The hydraulic cylinder 31 includes a cylinder 311, a first piston 312, a second piston 313, a piston rod 318, a spring 314, a coil spring pad 315, a first joint 3114, and a second joint 3115. The cylinder 311 is vertically fixed on the guide plate 13 of the arm support mechanism 10 and is located at a position above the guide plate 13. The upper end of the cylinder body 311 is sealed by an upper end cover 316, the lower end of the cylinder body 311 is sealed by a lower end cover 317, two sections of cavities are formed in the cylinder body 311 from bottom to top, one section of cavity located at the lower part is longer than one section of cavity located at the upper part, and the diameter of the one section of cavity located at the lower part is smaller than that of the one section of cavity located at the upper part, so that a step surface is formed at the better position of the two sections of cavities. The first piston 312 is disposed in a cavity at a lower end and divides the cavity into an upper cavity and a lower cavity, the piston rod 318 is connected to the first piston 312 and extends out from the lower end of the cylinder 311, such that the upper cavity is a rodless cavity 3111, the lower cavity is a rod cavity 3112, and the lower end of the piston rod 318 is connected to the vertical plate 231 of the mounting plate 23 by means of the hinge block 233. The second piston 313 is disposed in a section of a cavity at an upper end, which may be referred to as a pilot cushion cavity 3113. The spring 314 is disposed in the rodless chamber 3111, and it is easily understood that both ends of the spring 314 respectively abut against the first piston 312 and the second piston 313, in which case the spring 314 has a downward urging force against the first piston 312. The coil spring pad 315 is disposed in the pilot cushion chamber 3113 and is used to push the second piston 313 downward.

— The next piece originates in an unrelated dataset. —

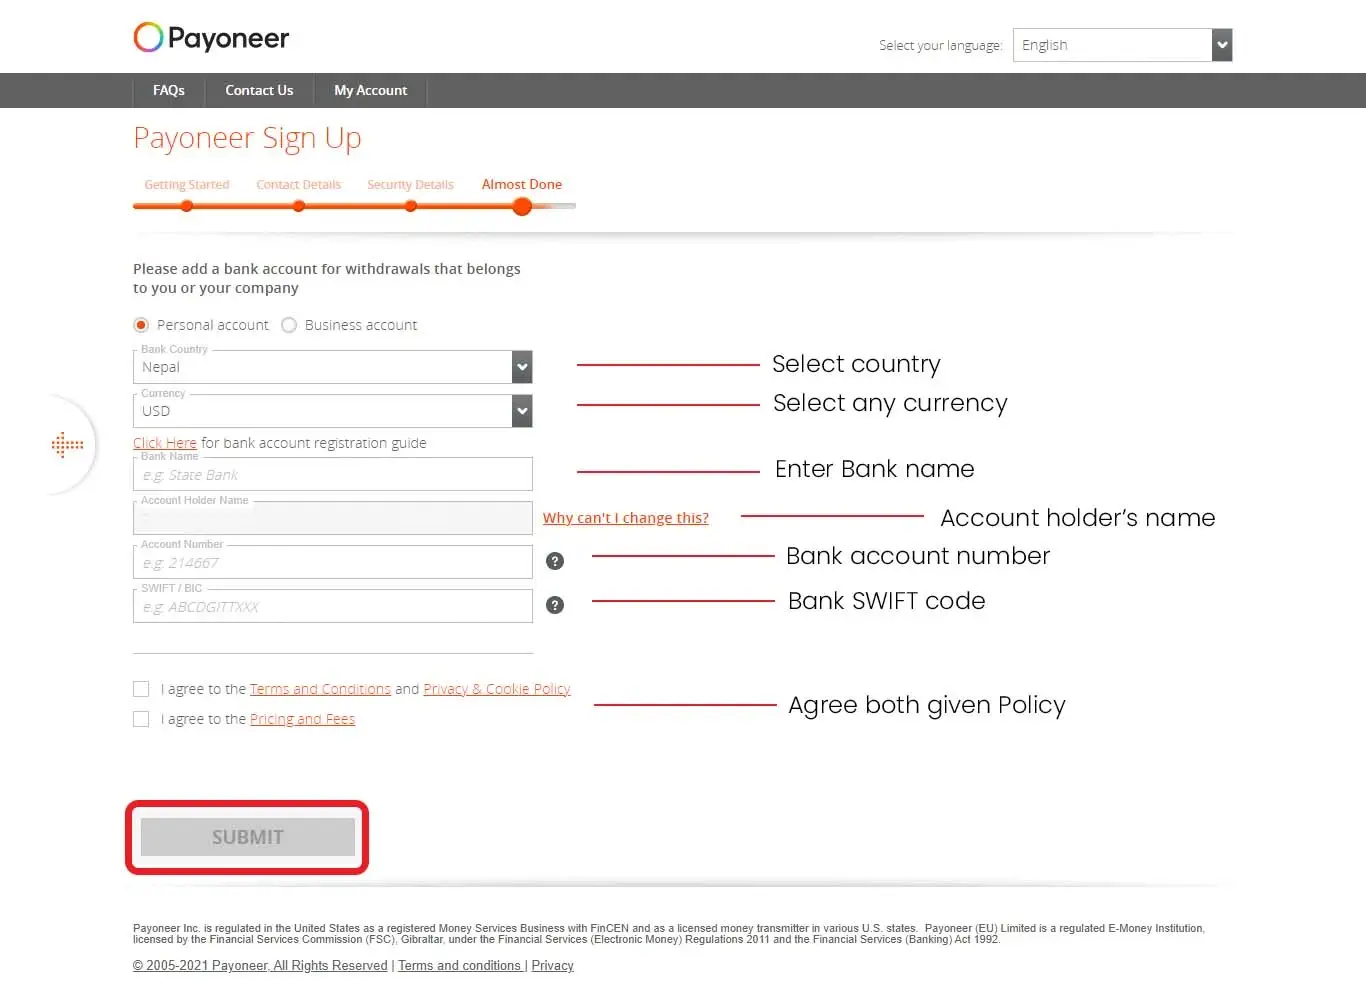 How to create Payoneer account in Nepal?

It should be noted that: the spring rate of the helical spring pad 315 is much greater than that of the spring 314, and in general, when the spring 314 is compressed to the maximum contraction state under the effective expansion and contraction amount of the spring 314, the upward elastic force of the spring 314 on the second piston 313 still cannot make the second piston 313 leave the step surface, that is: the helical spring pad 315 provides a certain pre-load of the second piston 313 against the step surface even when the spring 314 is in a maximally contracted state.

The first connector 3114 is connected to the rodless chamber 3111, the second connector 3115 is connected to the rod chamber 3112, and the first connector 3114 and the second connector 3115 are connected by a flow guide line 381.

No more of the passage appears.